Alprostadil is rapidly absorbed from the urethra (only 20% remains
after 10 minutes) and produces vasodilatation in the penile
vasculature; plasma levels are either low or undetectable.
Transurethral alprostadil has a brief serum half-life of between 30
seconds and 10 minutes because of rapid pulmonary clearance after the
first pass through the lung. No effect on spermatozoa motility,
viability or membrane integrity has been shown, and the mean increase
in the PGE1 content of the ejaculate (123 mg) is less than
the normal day-to-day variability for prostaglandins.

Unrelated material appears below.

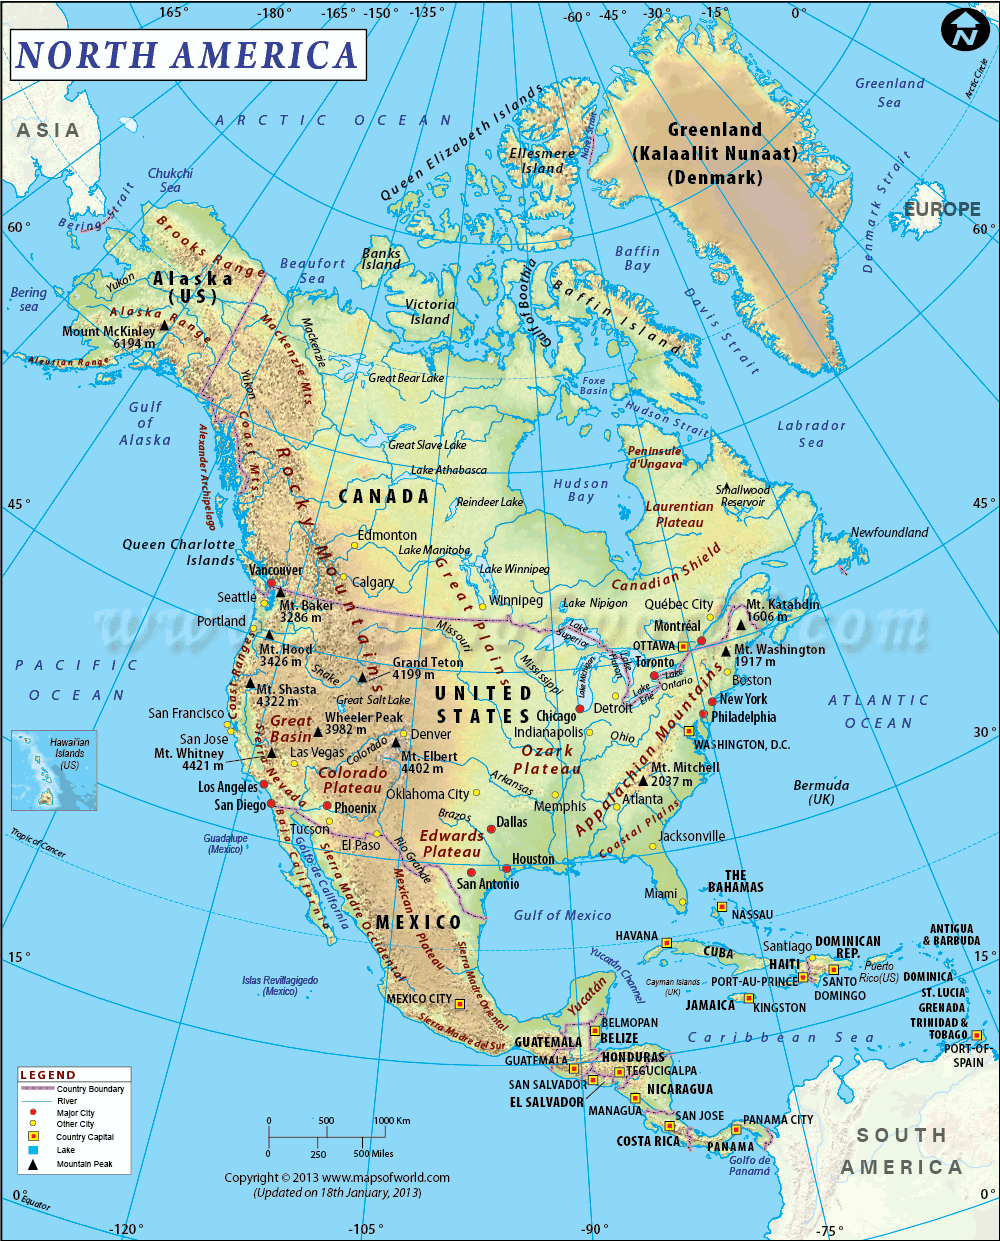 North America Continent Countries & Capitals,Currency with Code

In extensive double-blind placebo-controlled clinical trials
sponsored by manufacturers, 65.9% of men achieved an erection
adequate for intercourse after administration of transurethral
alprostadil in a doctor's office,8 and 64.9% of these men
reported intercourse at least once with home treatment, with
significant improvements in quality of life, particularly in the
domains of self-esteem and sexual and non-sexual aspects of their
relationships with their partners17 (E2). The efficacy of
alprostadil was found to be similar regardless of age or the cause of
ED, including vascular disease, diabetes, surgery, and trauma. The
use of an adjustable penile constriction band with transurethral
alprostadil may augment the drug effect.
However, several postmarketing studies failed to produce similar
results to those of the trials sponsored by manufacturers. One
reported that only 27% of patients achieved erections sufficient for
intercourse during in-office testing, and that, because of this
limited efficacy, adverse effects and cost, more than 80% of patients
did not continue to use transurethral alprostadil at home18 (E4). Another
study comparing transurethral and intracavernosal alprostadil
reported total erectile response rates of 43% and 70%, respectively,
complete rigid erections in only 10% versus 48%, and rates of penile
pain or burning in 31.4% versus 10.6%19 (E4).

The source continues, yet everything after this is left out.